Lujain Aloum a,1, Christopher A Brimson b,1, Alexander Zhyvoloup a, Robert Baines b, Jovana Baković a, Valeriy Filonenko c, Christopher RL Thompson b,∗∗, Ivan Gout a,
PMCID: PMC6416166  PMID: 30797553

Abstract

Dictyostelium discoideum (D. discoideum) is a simple eukaryote with a unique life cycle in which it differentiates from unicellular amoebae into a fruiting body upon starvation. Reactive oxygen species (ROS) have been associated with bacterial predation, as well as regulatory events during D. discoideum development and differentiation. Coenzyme A (CoA) is a key metabolic integrator in all living cells. A novel function of CoA in redox regulation, mediated by covalent attachment of CoA to cellular proteins in response to oxidative or metabolic stress, has been recently discovered and termed protein CoAlation.

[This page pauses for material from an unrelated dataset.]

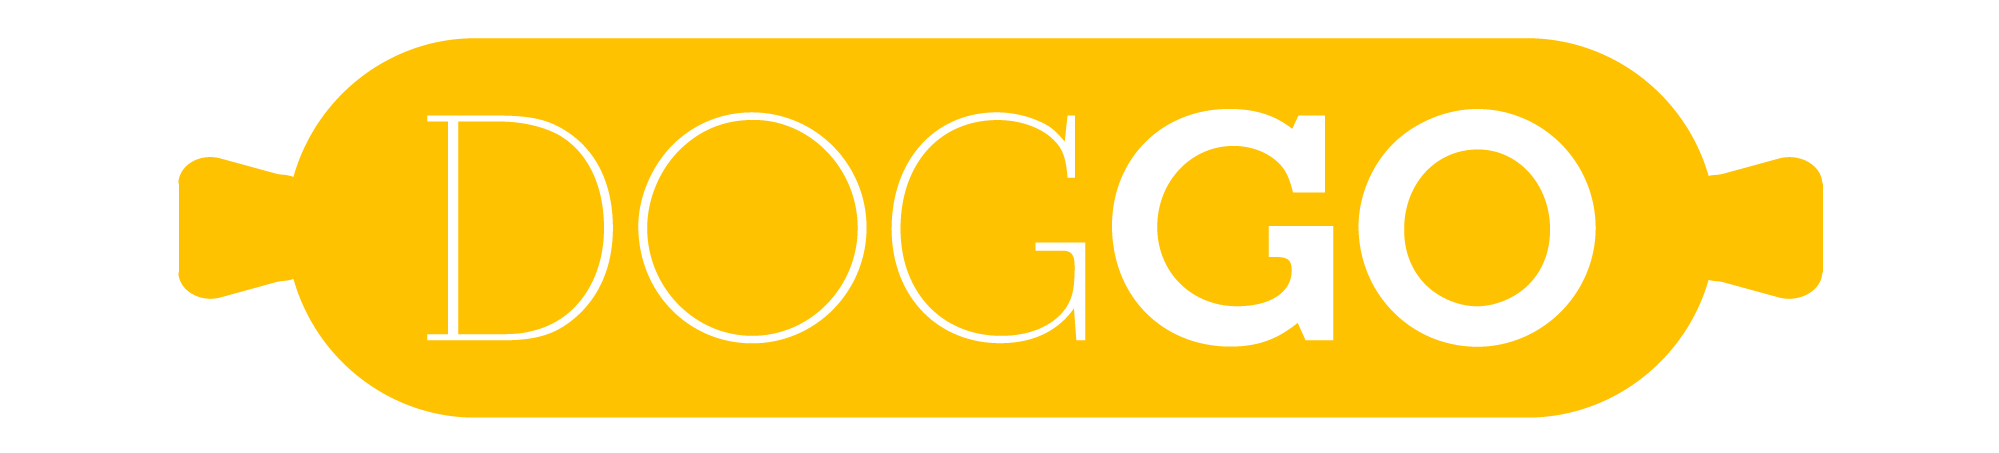 DogGo Logo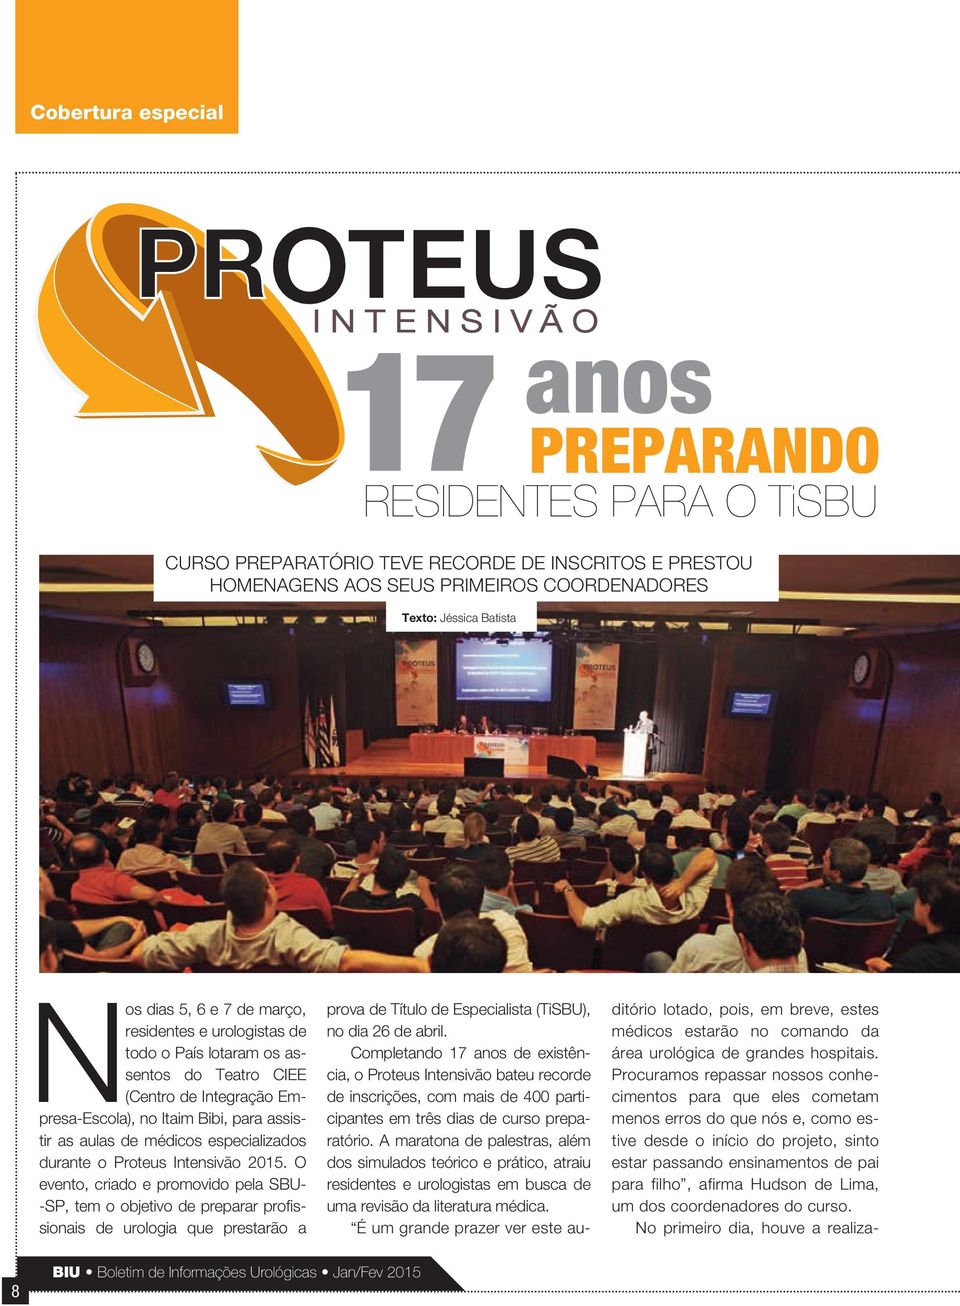 Proteus Intensivão 2015. O evento, criado e promovido pela SBU- -SP, tem o objetivo de preparar profissionais de urologia que prestarão a prova de Título de Especialista (TiSBU), no dia 26 de abril.

In this study, we report that the level of CoA and protein CoAlation in D. discoideum are developmentally regulated, and correlate with the temporal expression pattern of genes implicated in CoA biosynthesis during morphogenesis. Furthermore, treatment of growing D. discoideum cells with oxidising agents results in a dose-dependent increase of protein CoAlation. However, much higher concentrations were required when compared to mammalian cells and bacteria. Increased resistance of D. discoideum to oxidative stress induced by H2O2 has previously been attributed to high levels of catalase activity. In support of this notion, we found that H2O2-induced protein CoAlation is significantly increased in CatA-deficient D. discoideum cells. Collectively, this study provides insights into the role of CoA and protein CoAlation in the maintenance of redox homeostasis in amoeba and during D. discoideum morphogenesis.

Keywords: Coenzyme A, Protein CoAlation, Oxidative stress, Reactive oxygen species (ROS), Dictyostelium discoideum, Morphogenesis

Highlights

  • D. discoideum cells are professional phagocytes and produce ROS for efficient bacterial killing.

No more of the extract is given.